Reclassify from 'watching' to 'closed.' MK-7684A is not a future readout to monitor - it is a closed chapter in immuno-oncology, useful primarily as a negative control for the dual-checkpoint thesis and as a class-level data point on how many shots on goal a target deserves before the field walks away. The investor-relevant question is no longer about vibostolimab. It is about what fills the post-Keytruda gap, with the TIGIT lever permanently off the table. The pieces Merck has left: (1) subcutaneous Keytruda (Keytruda Qlex, pembrolizumab + berahyaluronidase alfa-pmph, FDA approved September 19, 2025 [10]) extends the franchise through formulation-based exclusivity and convenience but does not break new ground biologically; (2) the Daiichi Sankyo ADC partnership covers three assets across lung, breast, and other solid tumors with multi-billion-dollar peak-sales potential per asset under analyst consensus, and is now the primary checkpoint-adjacent growth story; (3) earlier-stage bets including mRNA vaccines and bispecifics. Biosimilar entry is the timeline risk: at least two late-stage pembrolizumab biosimilar programs are positioned for the 2028 LOE window, which will compress Keytruda IV revenue regardless of how well Keytruda Qlex defends share. For investors: stop modeling any vibostolimab contribution.
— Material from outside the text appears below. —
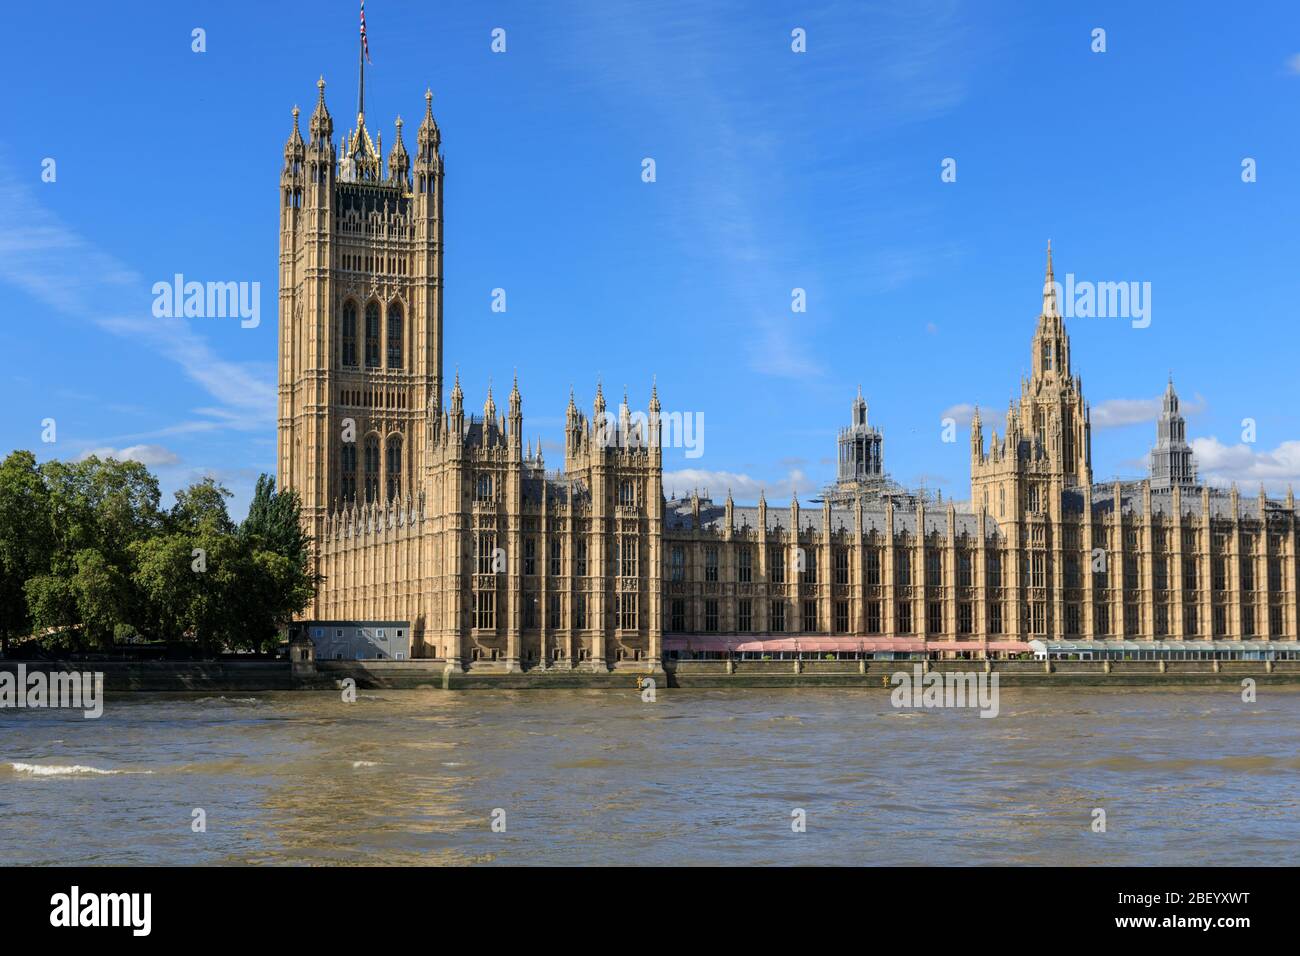 Le Palais de Westminster avec le monument de la Tour Victoria et la Chambre des Lords, chambres du Parlement de la Tamise, Londres, Royaume-Uni Banque D'Images

Reweight Merck's post-2028 story toward ADCs and subQ formulation defense. The next near-term catalysts to watch are ADC Phase 3 readouts and any Merck pipeline-day disclosures at ASCO 2026 (June) and JPM 2027 (January). No additional vibostolimab readouts are expected; if Merck publishes the failed-trial biomarker analyses, those will be scientifically interesting but not commercially relevant to MK-7684A specifically.